Hélène Bonafous-Murat, Avancez masqués
2018, LEPASSAGE éditions, Lu en numérique, 320 p.
Avancez masqués est le deuxième livre que je lis d’Hélène Bonafous-Murat. Autant La Caravane du pape (voir ici) était un roman historique, érudit et sobre autant celui-ci est différent sur bien des plans.
Je n’avais pas vu l’étiquette « public averti ».La surprise a donc été d’entrée de jeu, et jeux il y a, tout au long du livre. Un jeu très érudit là encore qui s’installe dans le domaine de l’art (j’avais commencé ma critique de La Caravane du pape sur la couverture du livre d’ailleurs : un tableau) et dont on entrevoit les coulisses. Ici, les connaissances des grands maîtres classiques comme des artistes/ plasticiens contemporains font le jeu (là encore) du machiavélisme d’un meurtrier manipulateur qui se cache derrière l’écran d’internet et sous un masque (matériel et moral) dans sa vie physique.
Comme dans La Caravane du pape, il y a un pygmalion : il s’agit d’ailleurs du pseudo avéré de l’interlocuteur d’Olivia Lespert. Dans La Caravane du pape, Leone Allaci rencontre une jeune fille à qui il apprend à lire, écrire et traduire. Il « lui offrira de ce fait, un privilège inespéré (rappelons qu’à cette époque les femmes n’ont pas d’âme et ne sont pas considérées autrement qu’un animal ou qu’une plante) », comme je le rappelle dans mon article.

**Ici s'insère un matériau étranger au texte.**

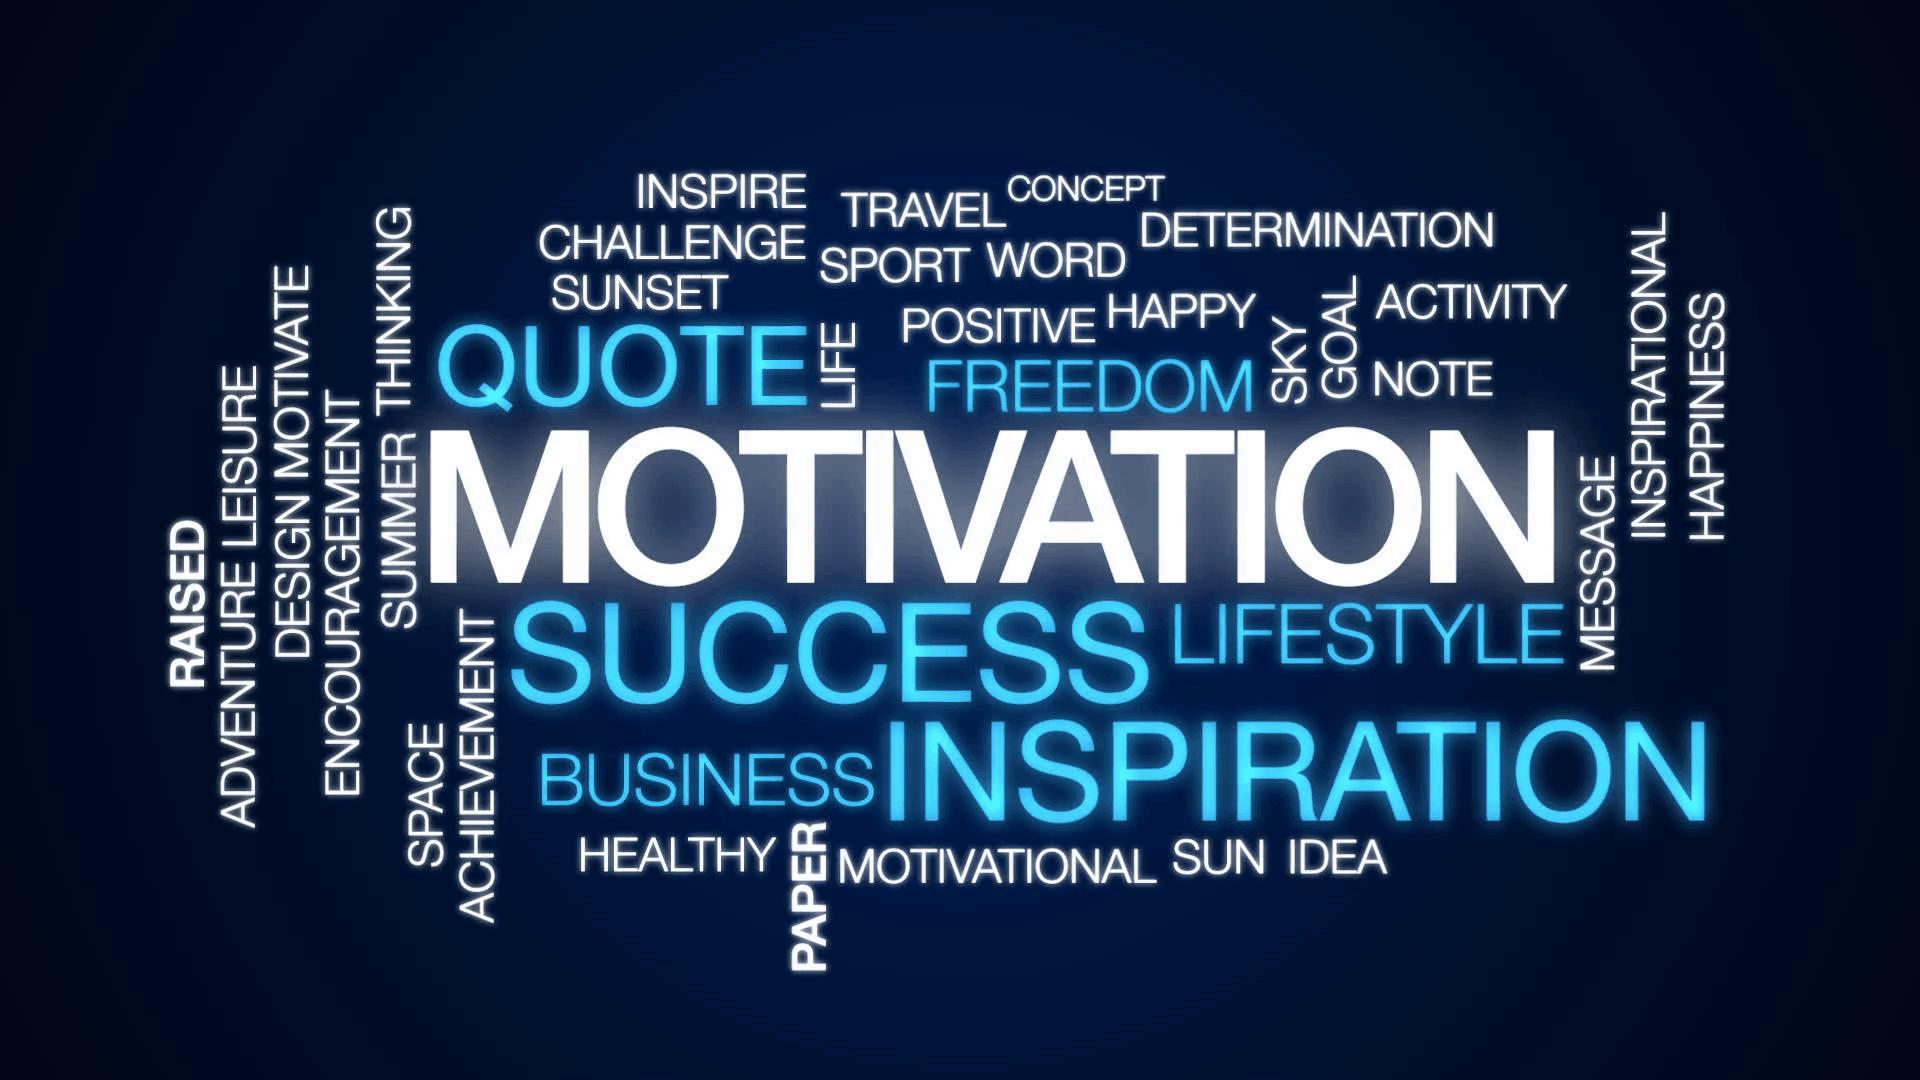 Free Motivation Letter Template- Sample & Example [PDF] | Best Letter Templates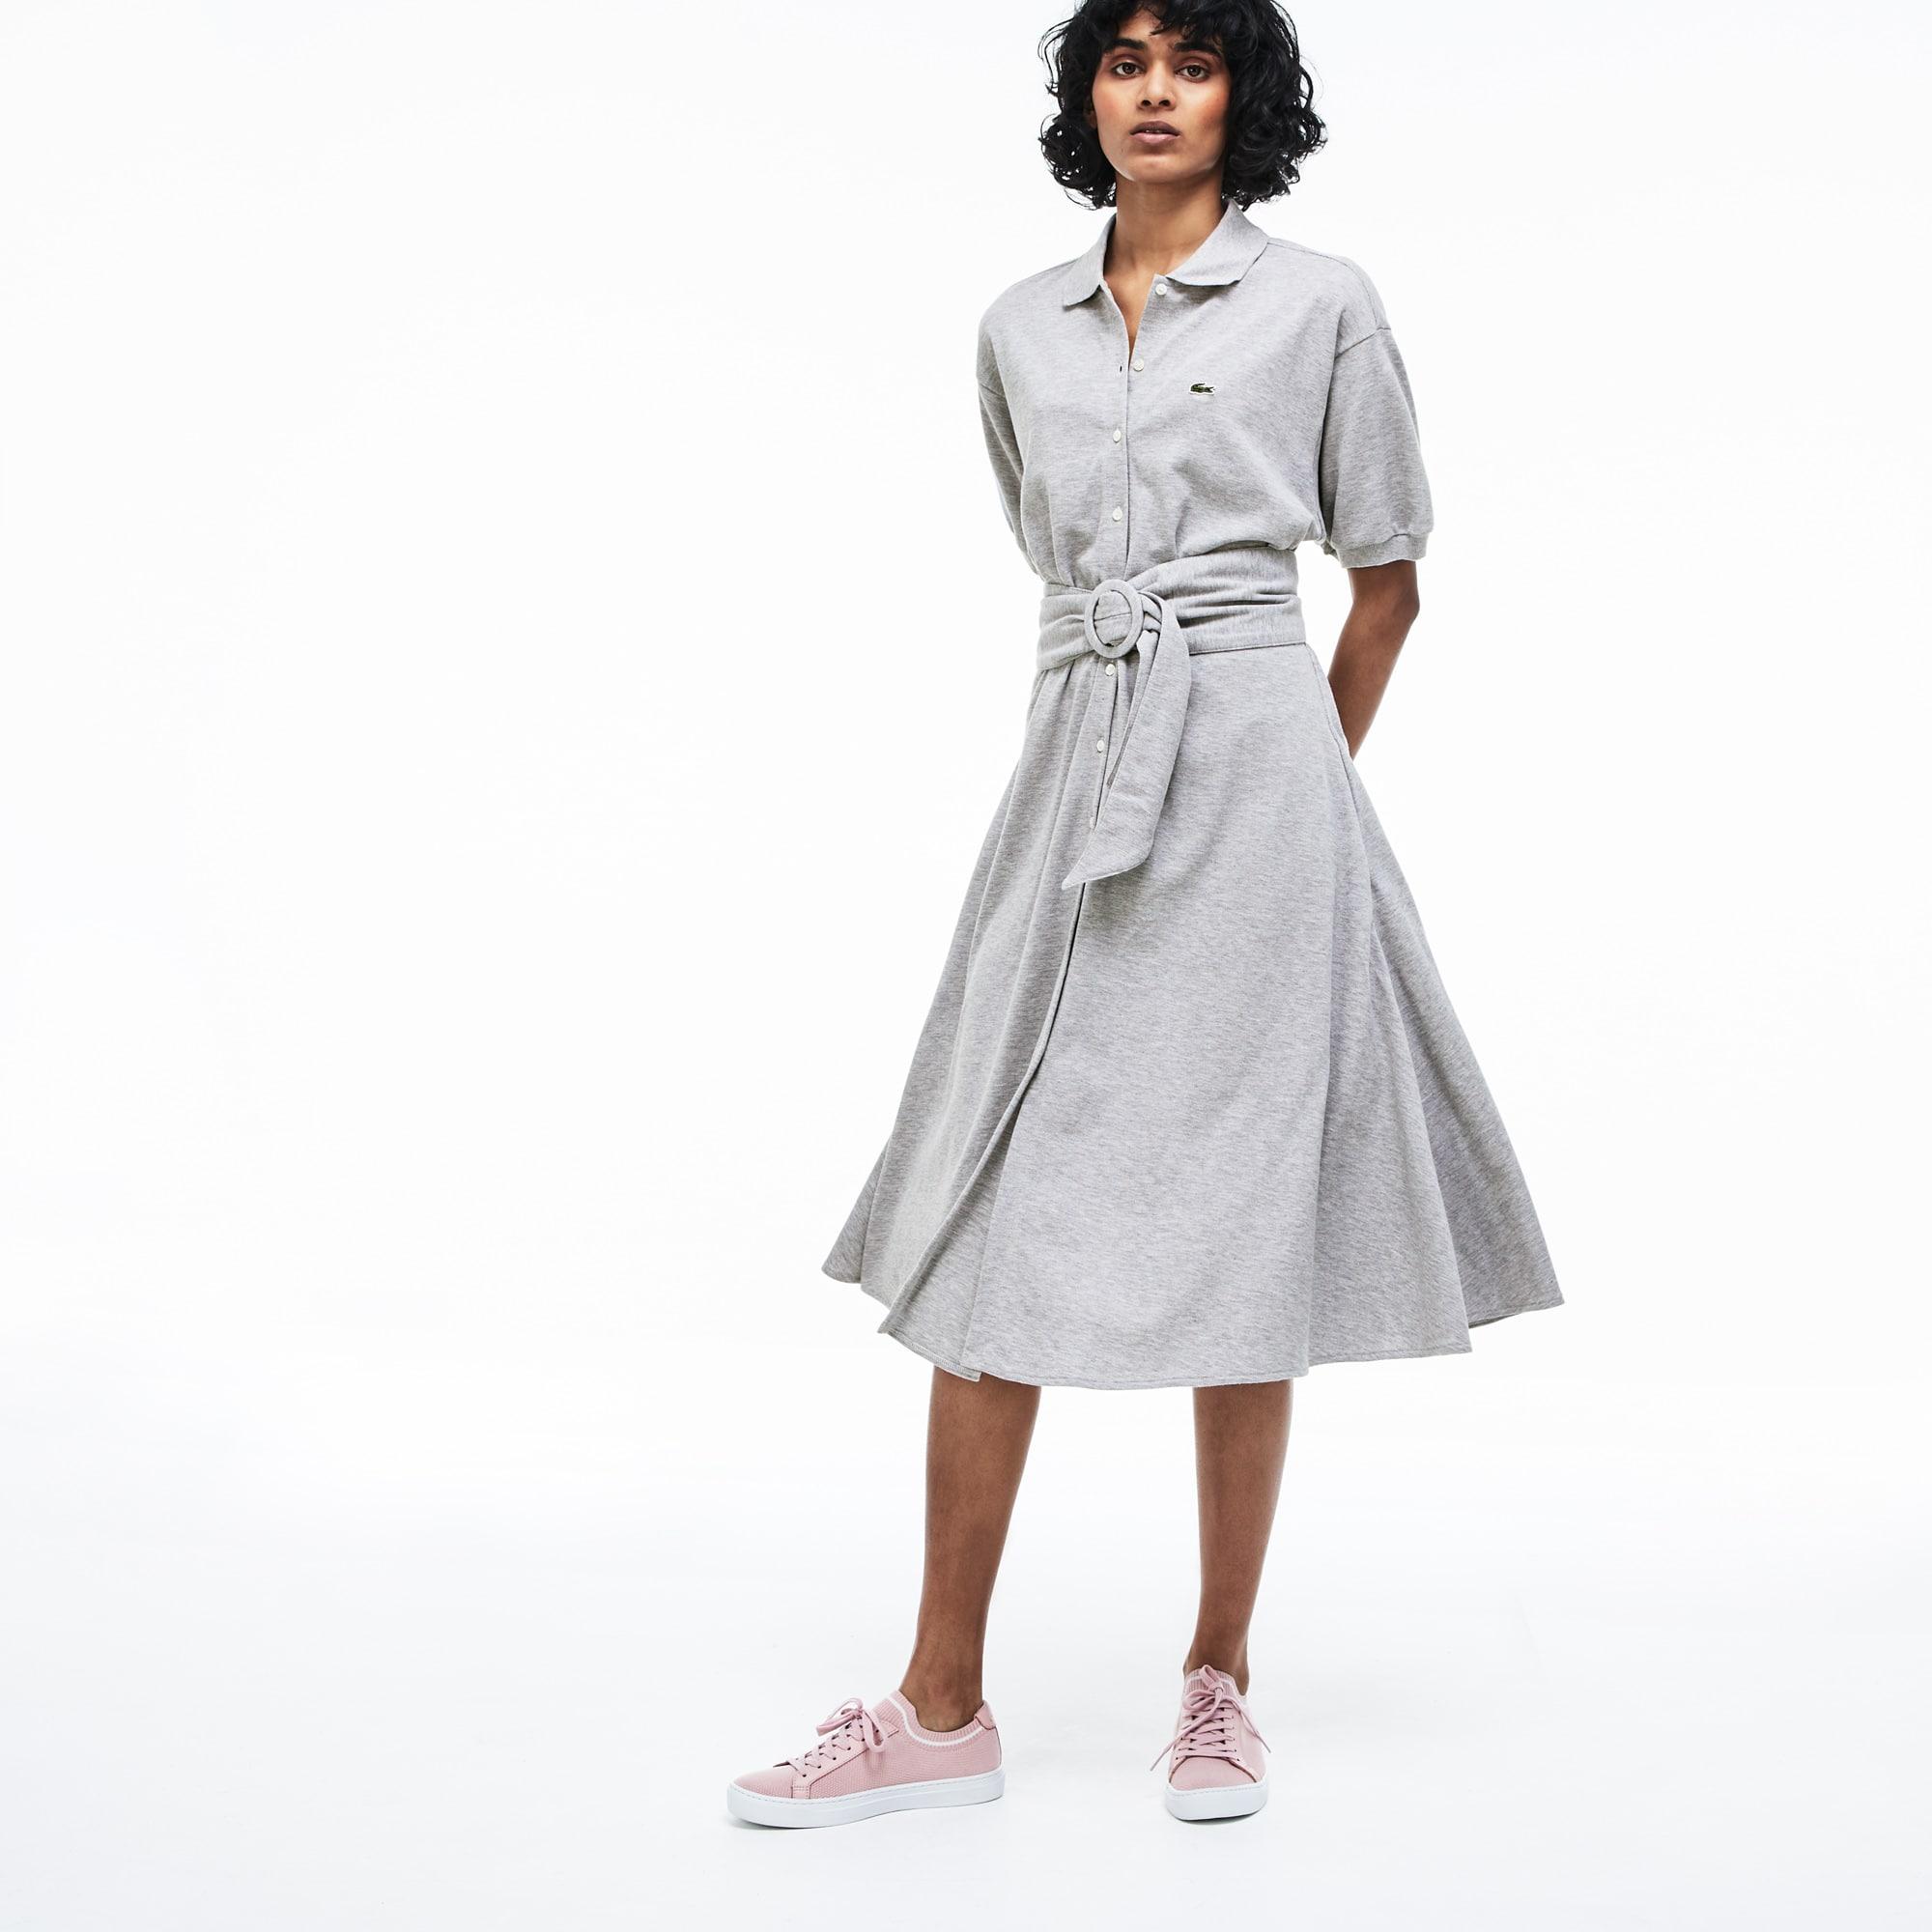 0f9ab9d1d Women s Stretch Cotton Mini Piqué Polo Dress.  155.00. Grey Chine · Navy  Blue · White · Navy Blue. + 3 colors

Dans le présent thriller érotico-psychologico-artistique, la femme est un objet de soumission pour des hommes dominateurs. C’est l’éternelle dialectique du maître et de l’esclave, le manichéisme entre douceur et force, le droit de vie et de mort, se prendre pour Dieu… Clubs secrets et libertins, fantasmes sexuels et morbides peuvent rappeler Sade bien évidemment mais plus récemment E. L. James et ses nuances de gris…et de noir ! Avec plus d’élégance, l’héroïne avoue se laisser troubler par la puissance de ses émotions quand bien même elle qualifie les agissements masculins de pervers. En confrontant la vulnérabilité de la chair et des affects à l’intransigeance moralisatrice, elle pose le problème de la permissivité (voire jusqu’à la pornographie fétichiste et violente) d’un côté, face à une société réactionnaire et hypocrite, d’un autre côté.
Qui jettera la première pierre ? semble nous dire Marie-Madeleine…
Citation:
“Des silhouettes fantomatiques sorties de leur dureté minérale et tout aussitôt recapturées par elle.”